The next day I communicated the
following in part:
“I am especially interested in the
theme and architectural character you are promoting and preserving
since I too find period style designs much more satisfying than
Modern or Post-Modern work. In the residential field it is rare
to find many clients who wish for a truly avant-garde theme a la
Corbusier, Mies, or for that matter Frank Lloyd Wright! My
background, that is the way I was instructed to approach the
design of buildings, precluded the reference to any historical
style and only after thinking it through myself I came to develop
through research, study, recollection, and practice my
interpretation of the classics as have all architects from the
Renaissance on. I would like to comment on Disney’s goals at
Celebration if you permit: Since I have lived overseas for at
least half of my life I am more inclined to prefer that
association with humanity that occurs in the simple day to day mix
of events and contact that occurs in a city where there is more of
a historical mix and slightly higher density and interzoned
commercial/residential areas where I have found the experience to
be most conducive to interaction (like it or not) with random
encounters and the convenience of goods and services available on
the first floor of my apartment building even! Your model reminds
me somewhat of Izmir, Turkey which is situated on the edge of a bay. If the residential areas are
then also situated on the flanks of the town center (instead of
away in one direction) then children and pedestrian adults will
have more of a chance to pass through the center as they might
find themselves visiting friends and perhaps conducting business
from one end of the city to the other.

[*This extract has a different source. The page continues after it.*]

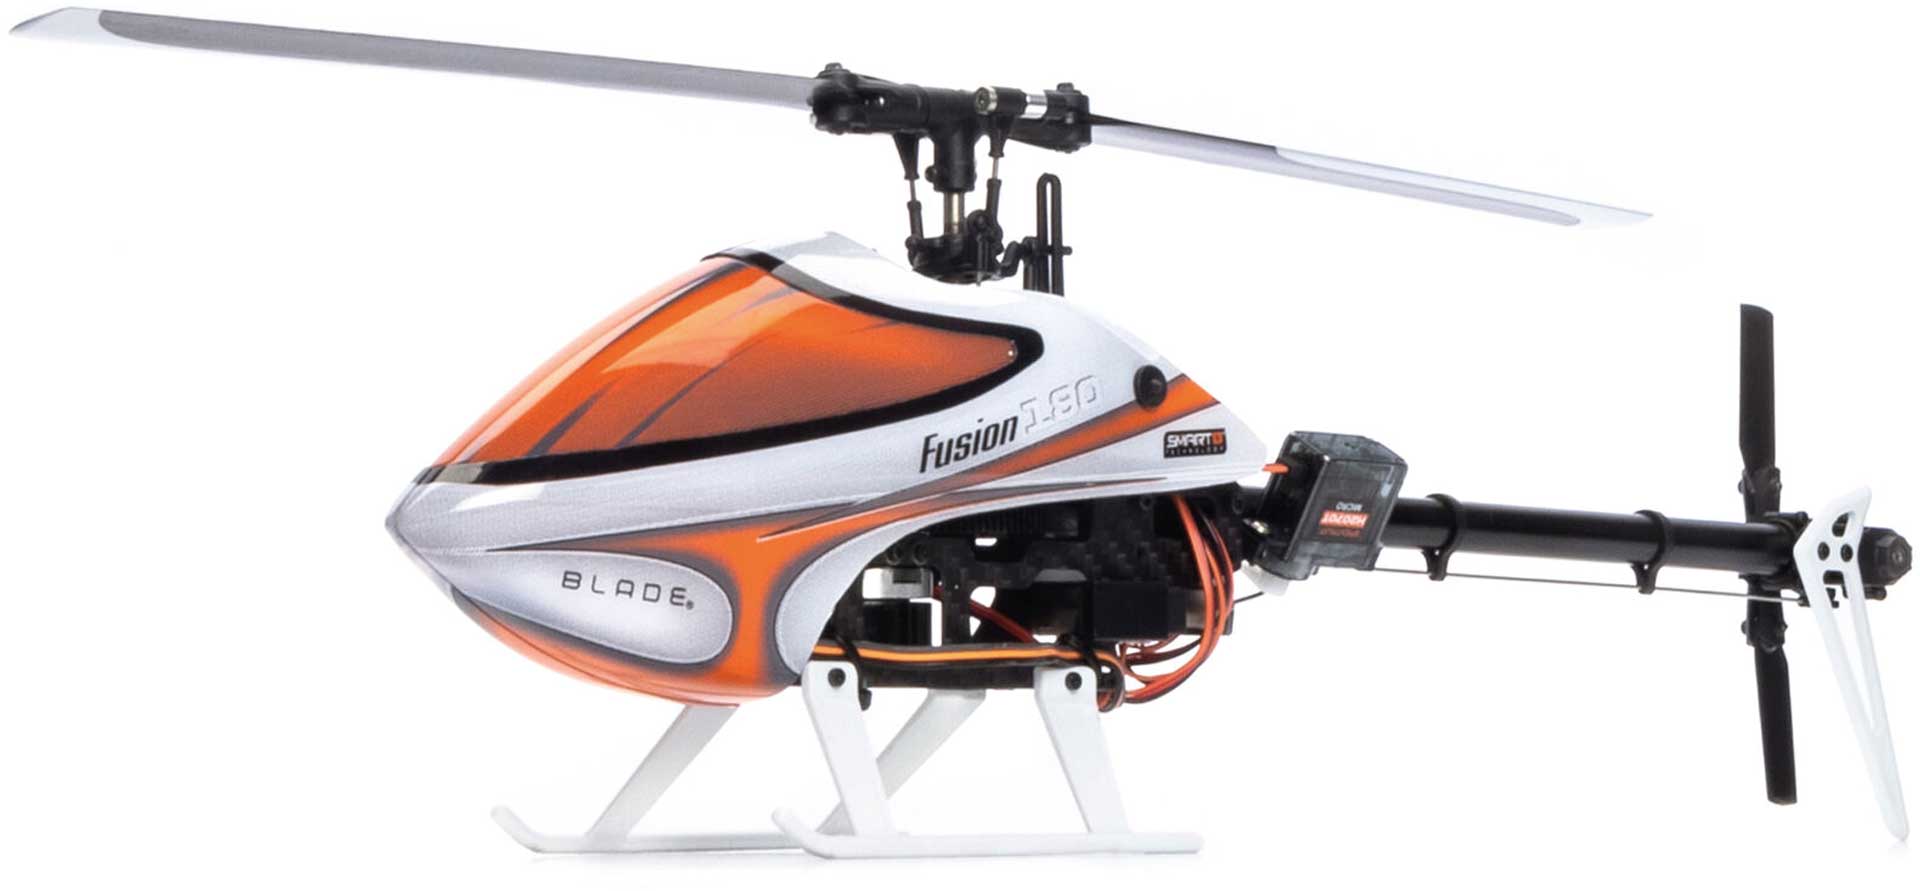 BLADE Fusion 180 BNF Smart Basic Hubschrauber / Helikopter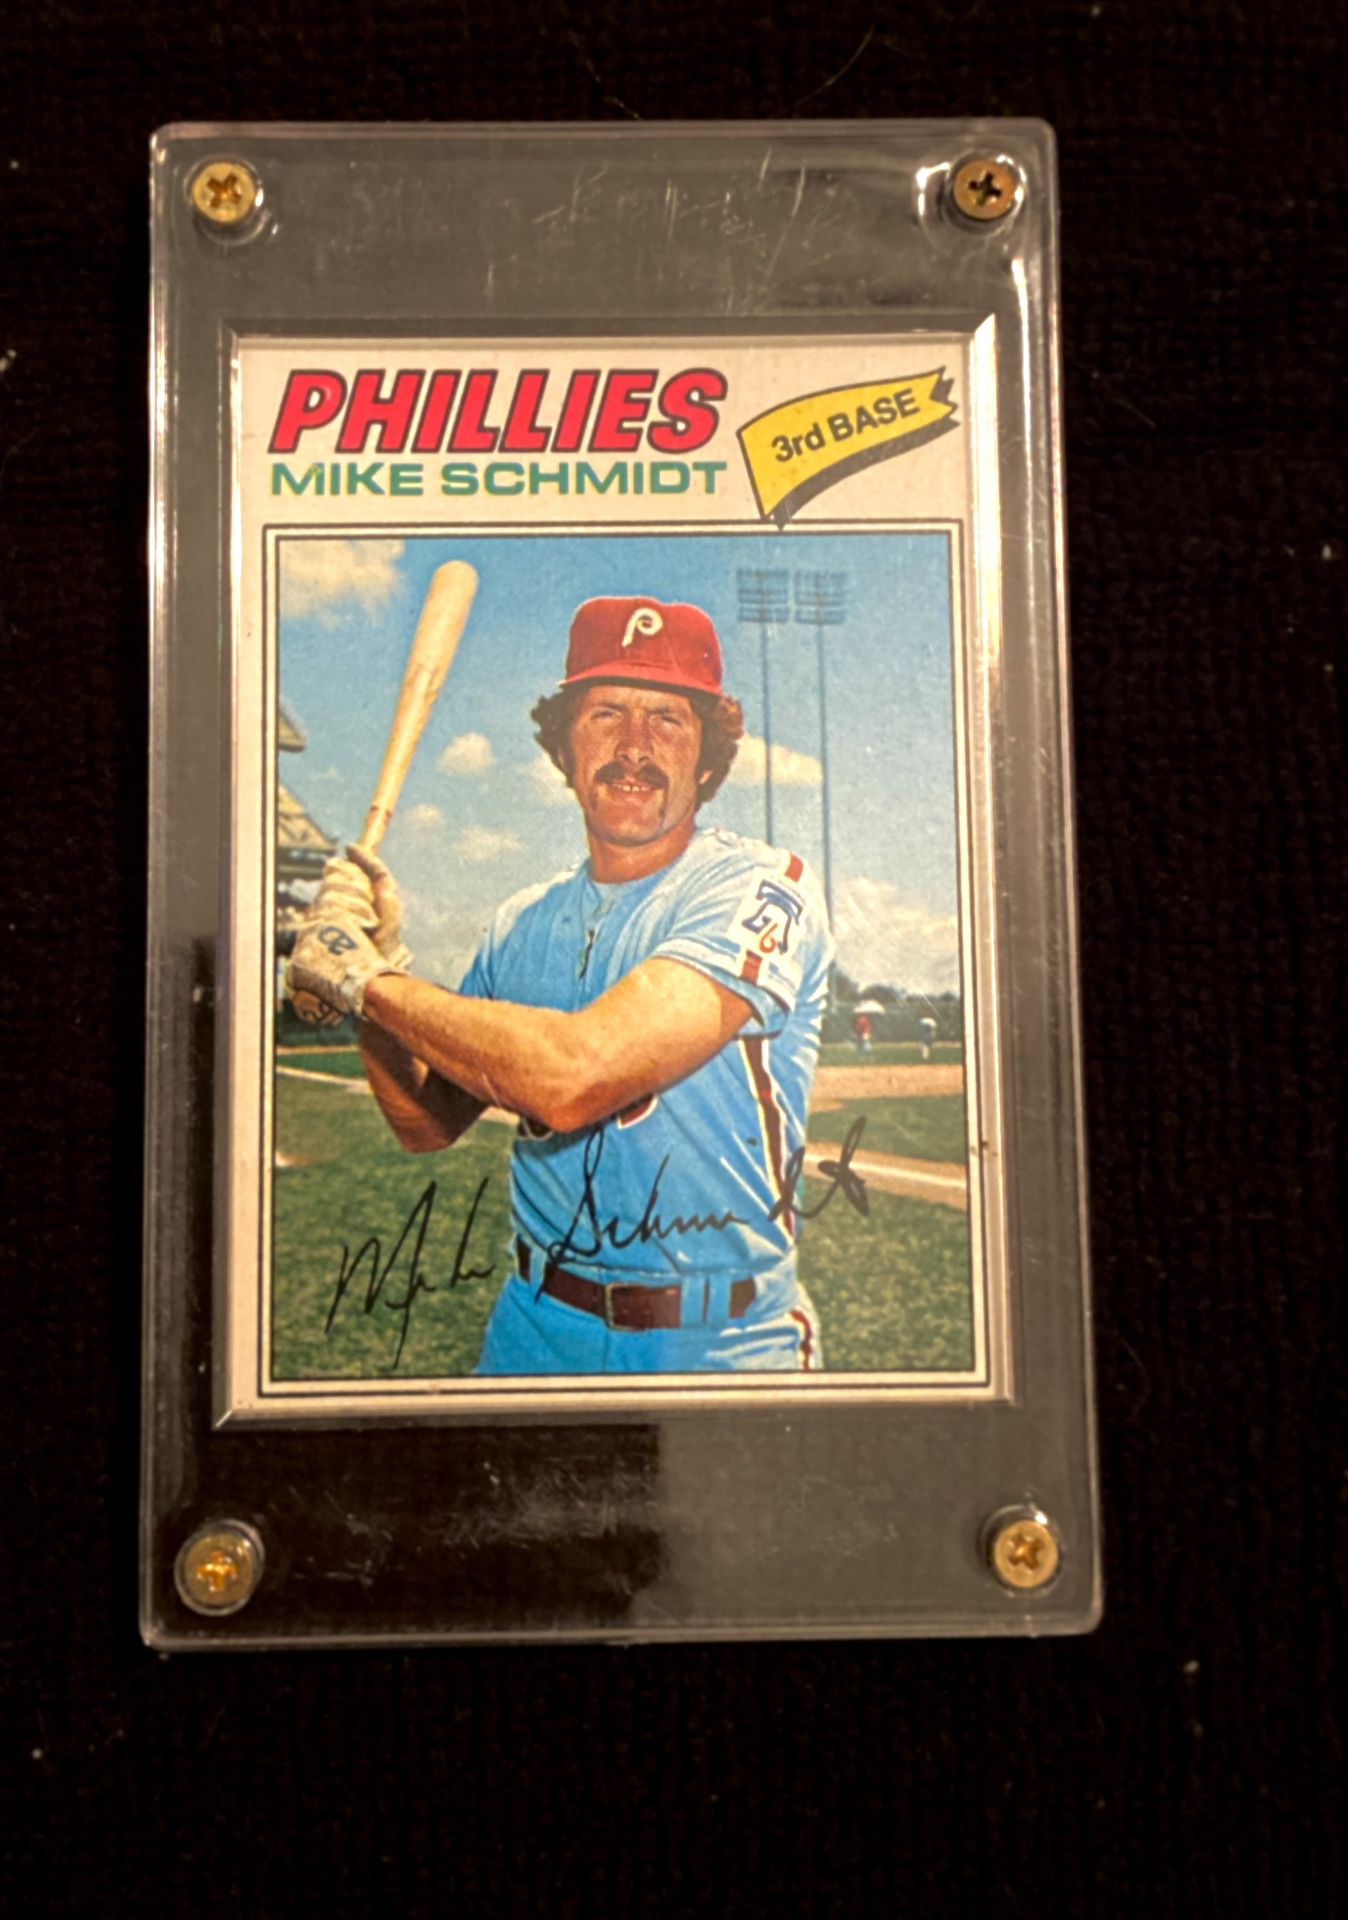 1977 TOPPS Mike Schmidt “Phillies” Card

In a small community of
20,000 I recall the traditional
Texas county courthouse and CBD
ringing around it, completely surrounded by residential areas
which tends to pull people into the middle and thus create a
visible life.
I realize that your model
incorporates the European traditional building forms in an
American town setting, but wouldn’t the more successful model
(especially for the viability of the commercial activity) be to
complete the circle and re-introduce the classic Italian, French
or German prototype? Maybe this will be the theme of Celebration
II? The other irony of Celebration is that I recall Walt’s intent
for EPCOT was for a viable ‘City of the Future’ which implied real
examples of futuristic living and working (technological progress,
etc.) nodes and the corresponding buildings. I guess we have
looked into the future and really didn’t want where the
‘right-hand’ fork was leading. For now, unless there is a proven
better alternative I must agree with the premise that Celebration
takes and its intent to re-educate
America on what a community should really consist of. You have here a utopian
layout that will re-ignite a spark of remembrance and longing in
all who visit.”
But that uneasy sensation kept grinding in my stomach. Finally I
put it together: First, like Seaside, this community was designed
to keep the visitor uncomfortable from just wandering into town
and enjoying the sights. Second, with so much architectural
control the organic tendency for creative growth was nipped before
the bud like an Orwellian injection. Even with six allowable
styles that quixotic architectural invention that makes a street-scape
so charming and vital was not possible. A Victorian motif grafted
onto Colonial Revival didn’t seem credible. Mixing Mediterranean
with Classical outlawed Palladio. Why, no Modernist touches were
even thinkable! (I was surprising myself pushing for a bit of
‘contemporary’ styling).
I had also just finished reading London’s Georgian Houses
by Andrew Byrne and was reminded why I detest so much of Colonial
America (and can excuse the older east coast ‘white architects’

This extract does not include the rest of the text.